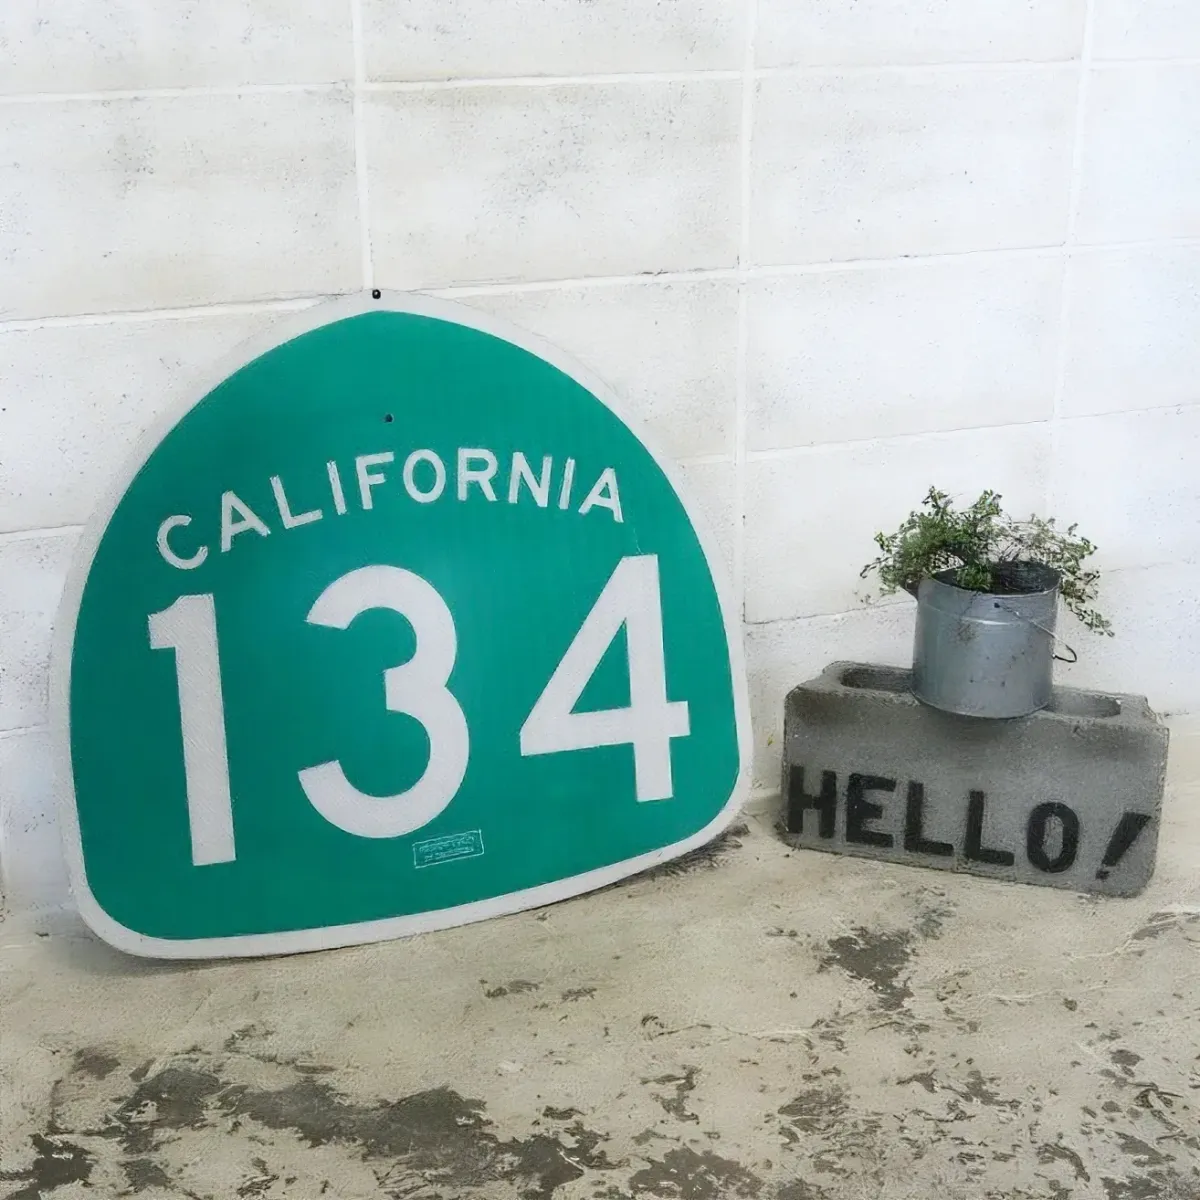 CALIFORNIA 134 ロードサイン
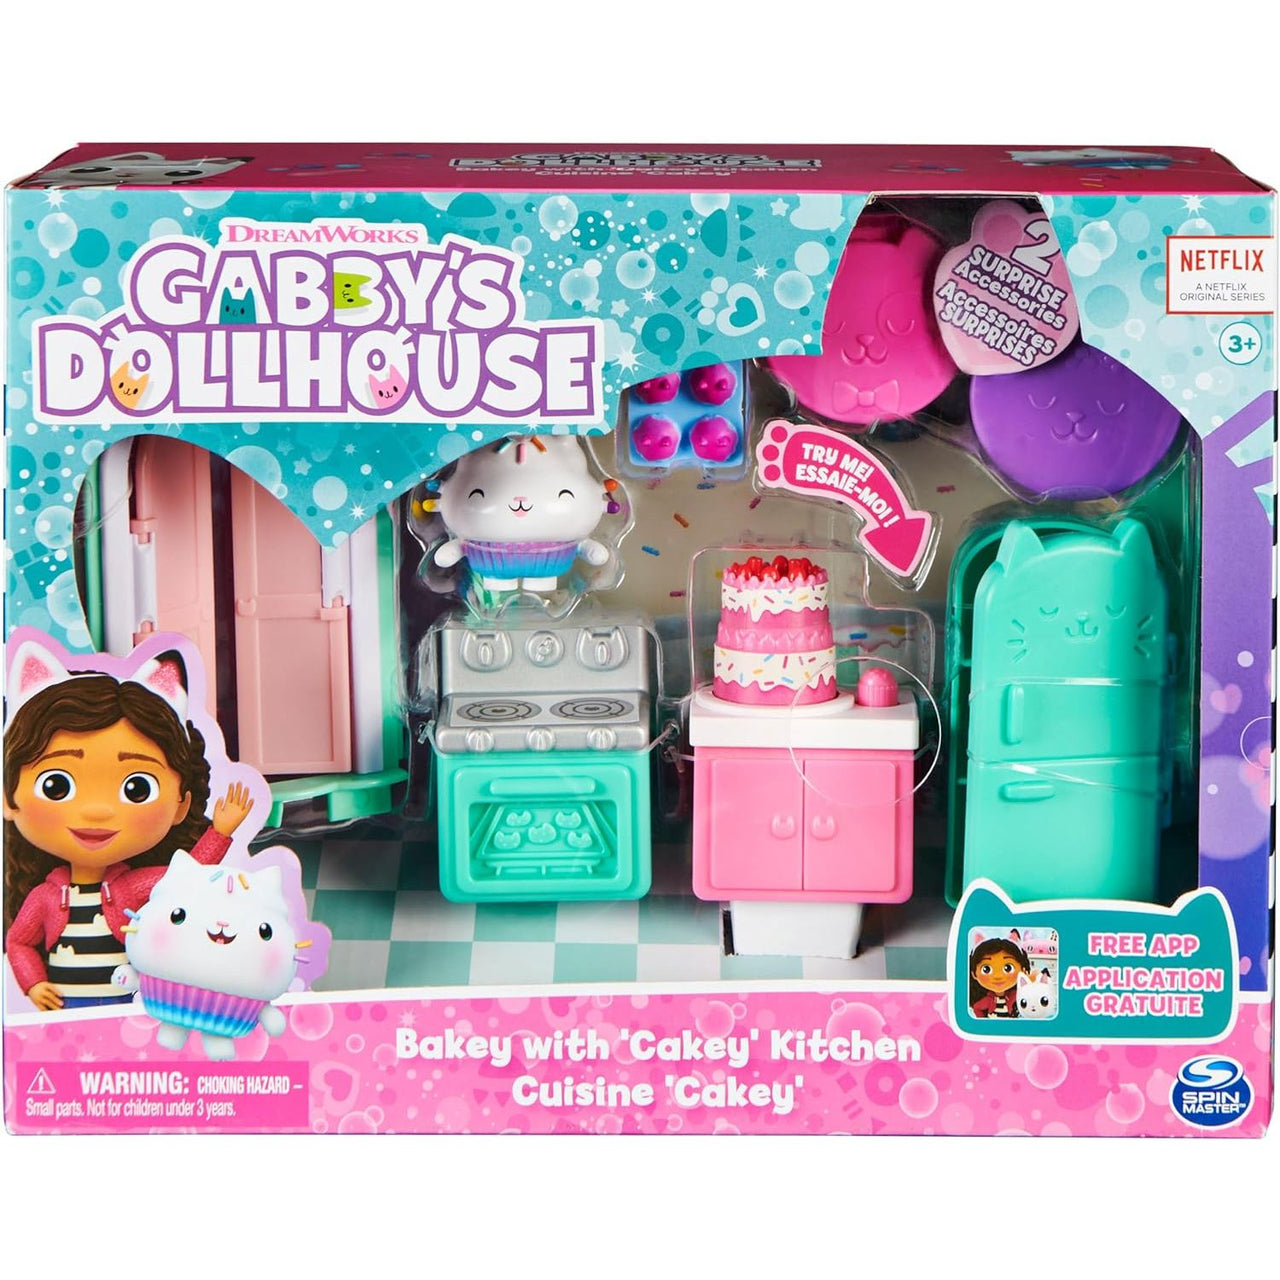 Gabby's Dollhouse Bakey with Cakey Kitchen Playset Gabby's Dollhouse
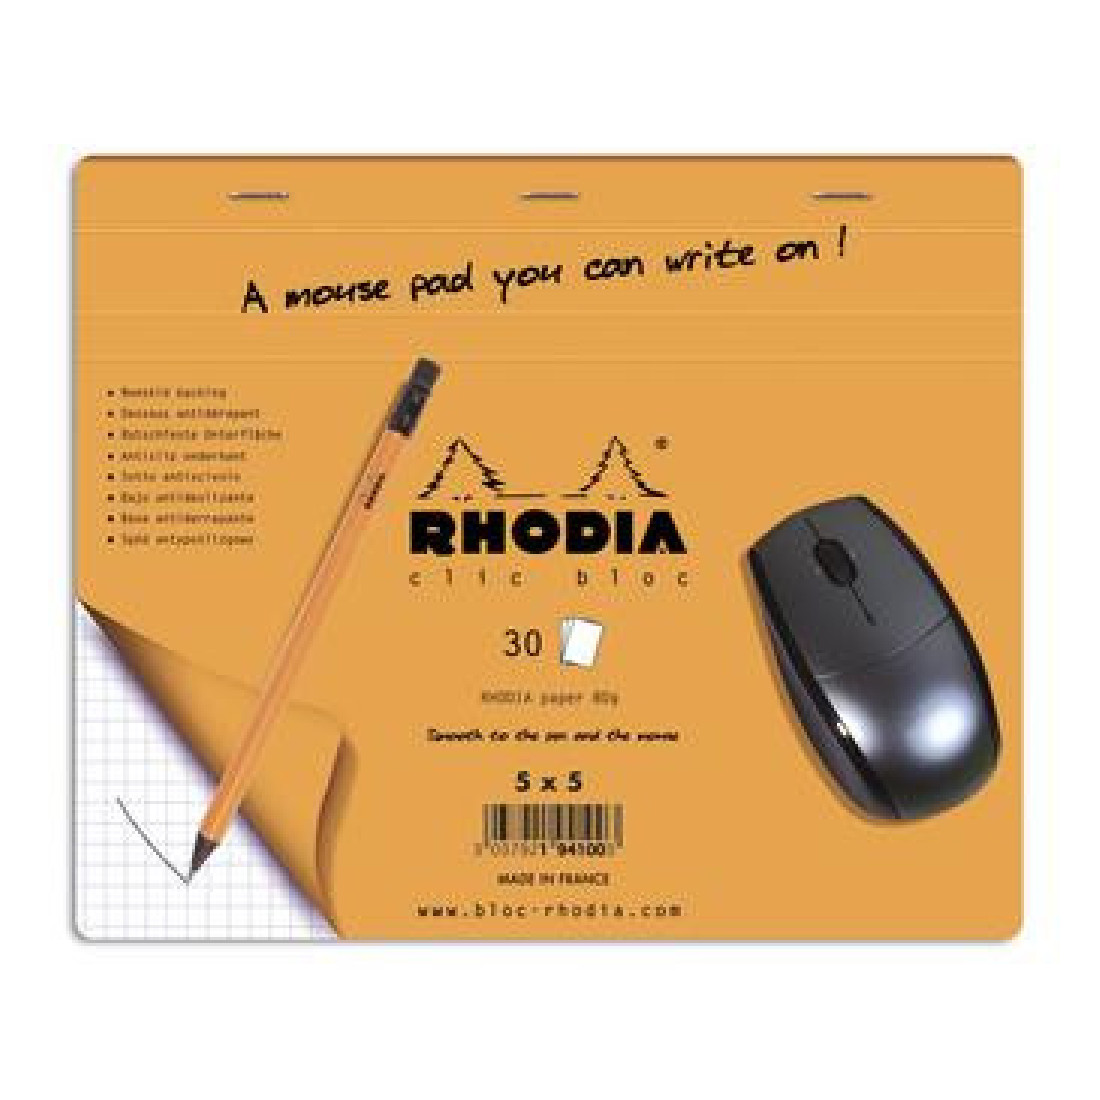 Rhodia click mouse pad 19 x 23 cm 5x5 squared 19410
---*---
EXERCISE DETAILS:
Here the lines from the one with "Gabby's Dollhouse Bakey" through the last line of the data above need to be repeated exactly, both included, and any picture omitted.

SOLUTION TO THIS EXERCISE:
 Gabby's Dollhouse Bakey with Cakey Kitchen Playset Gabby's Dollhouse
 Rhodia click mouse pad 19 x 23 cm 5x5 squared 19410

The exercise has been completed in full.